What problems do you think the modern data stack has solved? And maybe what problems remain with the modern data stack, and how do we think about fixing those things?
It's, it's definitely been interesting because I feel it was maybe only six months ago or something when somebody, all of a sudden, is the modern data stack. And then now, every single conversation is the modern data stack, the modern data stack. And I had a moment a while back where I was, what is the modern data stack? This is what I do.
This is my job, but what are they talking about? Somebody just came up with this, this buzzword. Yeah. Oh exactly. I'm, wow, this is embarrassing. But no, I think, I think there are some huge problems that the modern, modern data stack is solving. And I don't think it's dead, but also maybe don't quote me on that cuz, maybe it is, I don't know.
But, one of the things that we talk a lot about in data is that the personnel is just the hardest part. Right. All of these technical challenges are difficult. The organizational challenges are difficult, but none of those are insurmountable. What is, is not being able to find enough people, right.
And not being able to find the right te people from your organization. And, probably anybody listening to this is aware of [00:27:00] how crazy hard it is to hire the right people for your data team. And so I think that that's one of the big problems that the modern data stack is solving is that.
There are just, frankly, not enough data engineers. There are not enough data scientists. There are not enough data analysts. There are not enough people who wanna do data modeling, right? There's this huge need to make the people that we have way more efficient and also to offload the less interesting work, right?

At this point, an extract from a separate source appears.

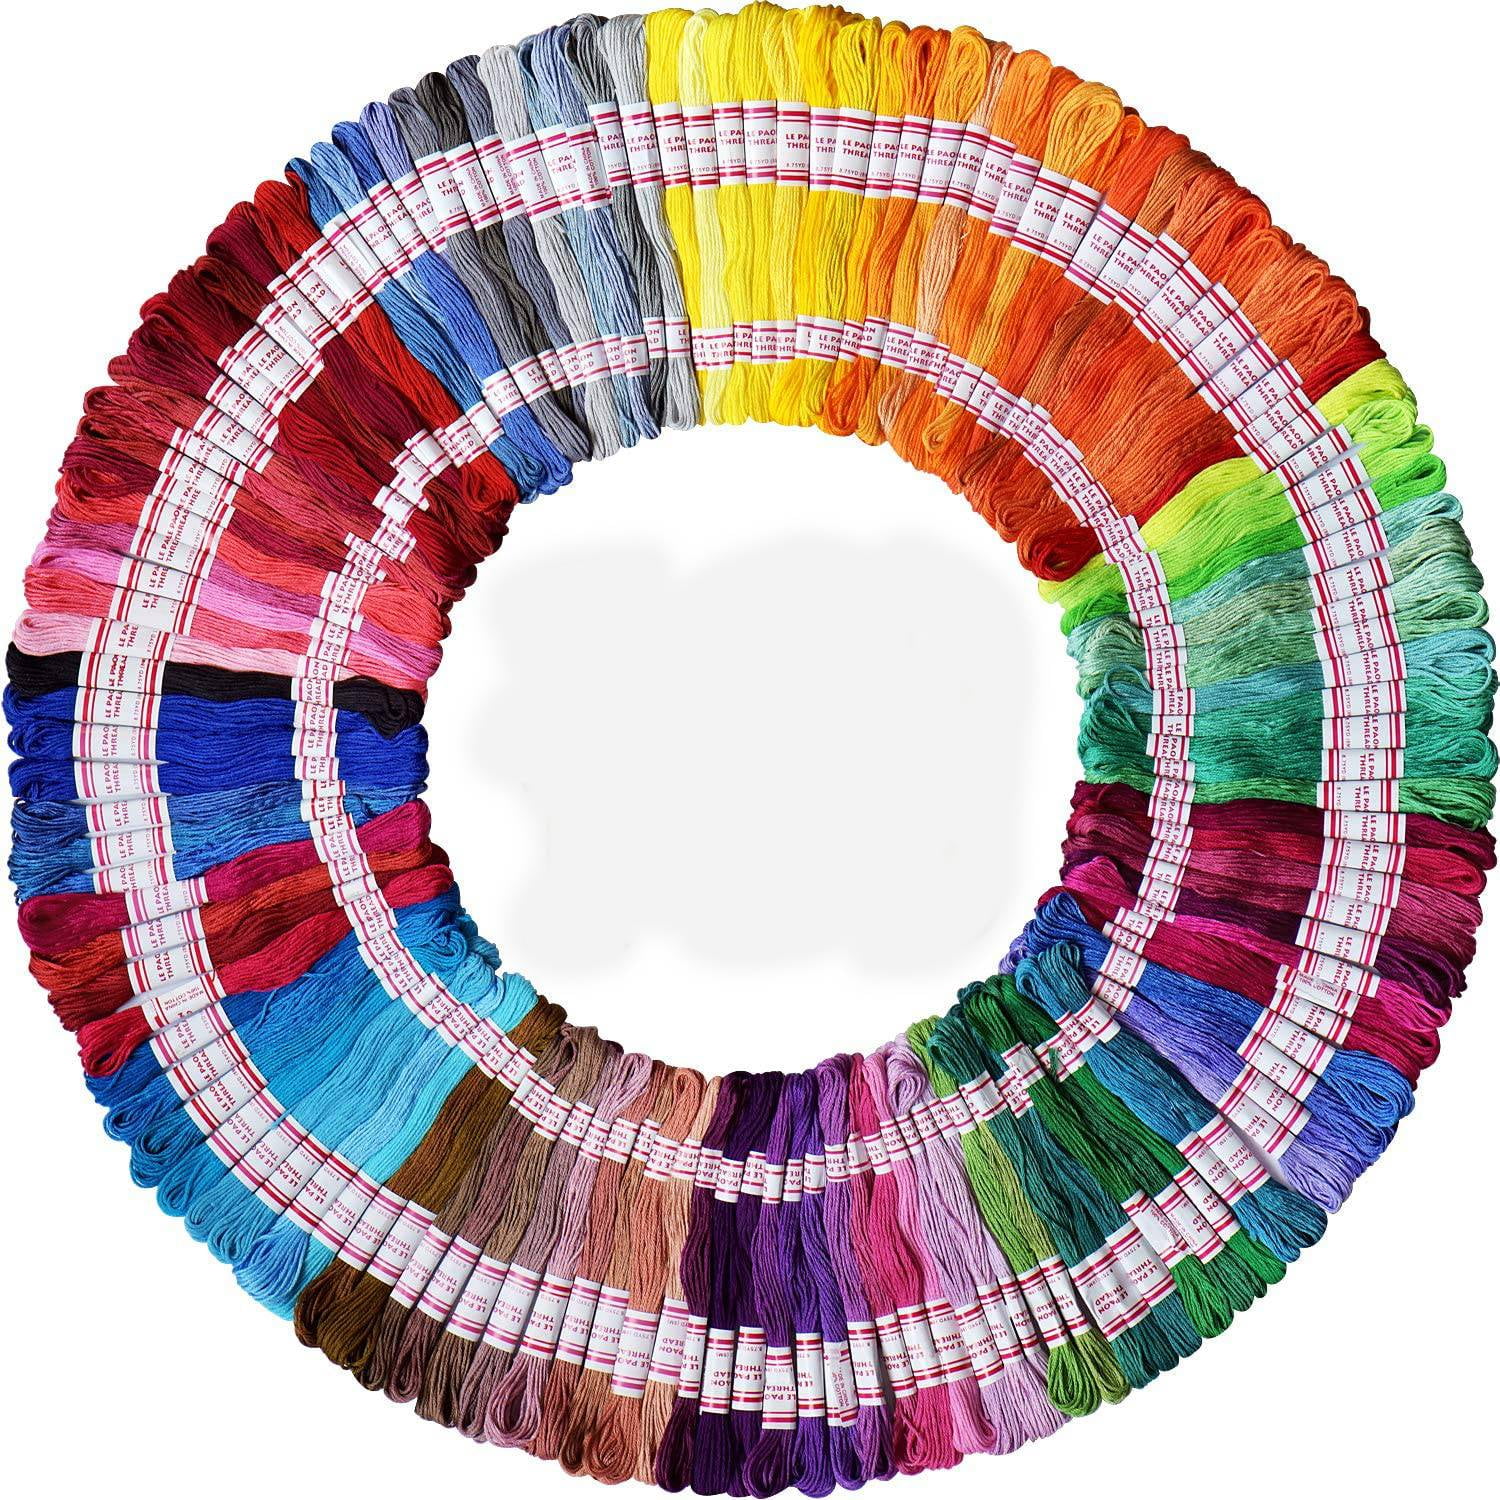 MOYYON 122 skeins Embroidery Floss - Embroidery Thread - Friendship  Bracelet String for Cross Stitch, Hand Embroidery, String Art
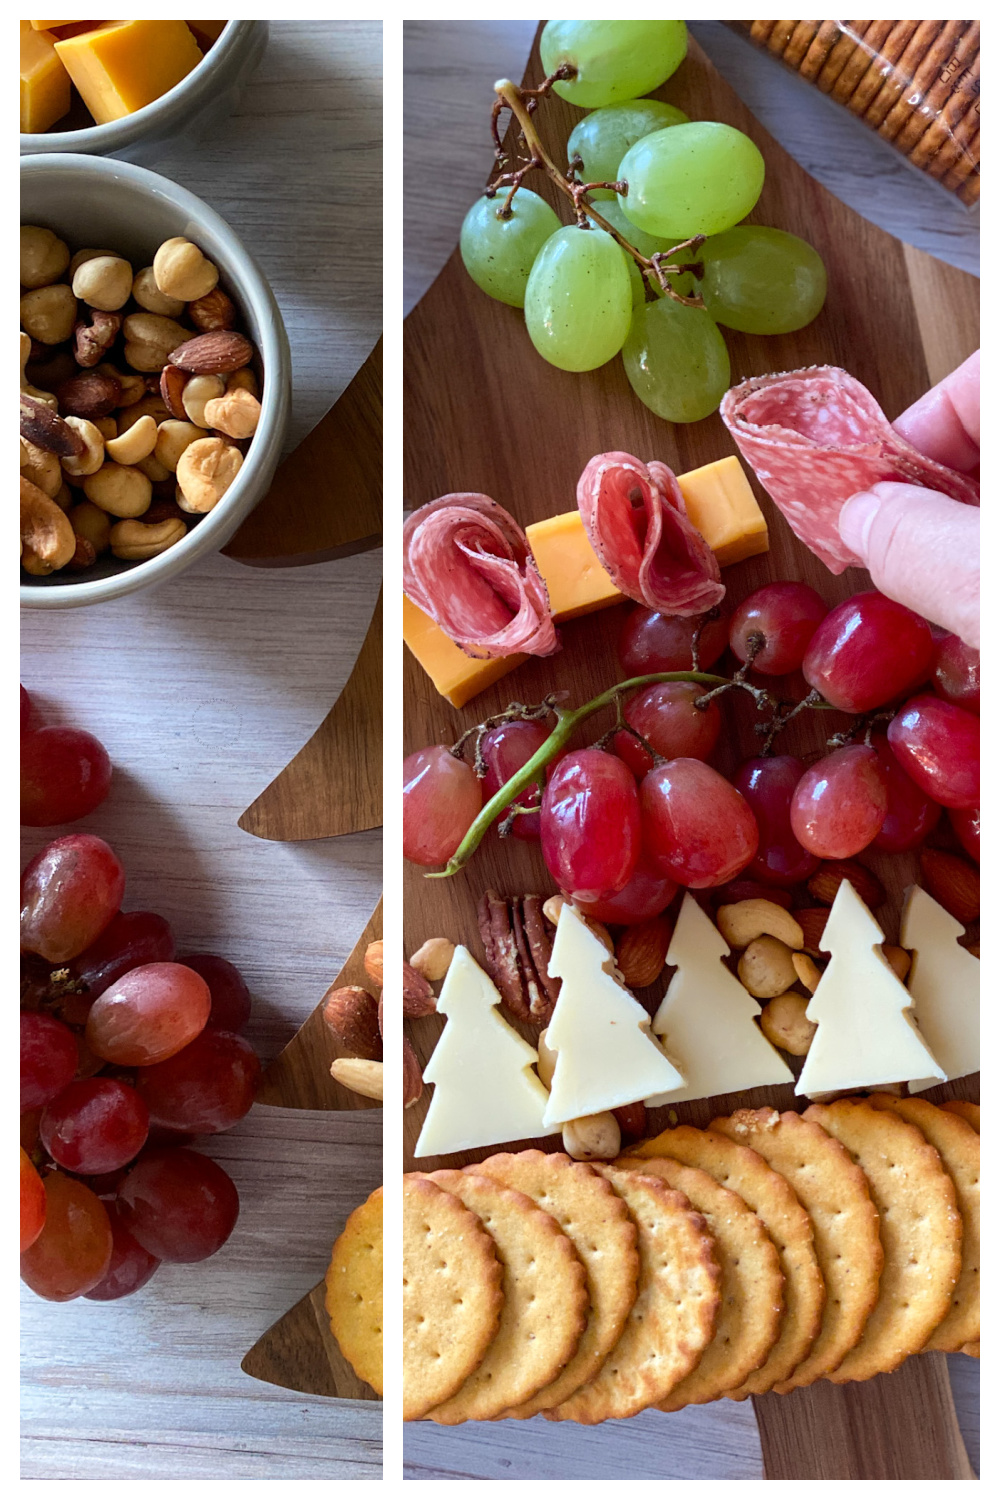 Putting together the holiday cheeseboard for small gatherings

The repetitive stuff, the stuff that's just not a huge value add. And that's what we see in the modern data stack. Right. For example, Fivetran basically replaces a few data engineers, which is great because we can't hire them. We want to, but we can't hire them. And it takes so much time to interview candidates and, and then they start, and you start the search, they start in eight months.
Great. You have one that's gonna start in eight months, and then you need to, but you need to hire [00:28:00] six, right? So I think that's where you see so much value in Fivetran. You plug it in, and it takes five or 10 minutes to add any new data source. It just works.
So, yeah, I think a lot of it is, is really just being able to do as much as humanly possible with knowing that you just don't have enough people. And that's just what it is.
What are the biggest problems you think the modern data stack hasn't solved or maybe has created for companies?
So this is one thing I'm highly critical of is, every time we're doing [00:29:00] things in a user interface, instead of doing things in code, we're making it very hard to migrate away. And so, We have that. We, we save that time that it would we would need in order to hire an entire team in order to do all of these things.
But if we decide tomorrow that we wanna move to a different tool, we basically have to start from scratch. Right. You can't, there, there may be some ways that you can kind of, go look at your logs and extract some things using APIs and kind of parse it and kind of be really smart about it.
But yeah, that's, I mean, that's one reason I'm not a huge proponent of things Tableau prep. For example, I think we should have as many things as code as possible. Everything is code. Configuration is code. Infrastructure is code, security is code, and everything is code. And now we're kind of getting away from that, with those no code, low code solutions.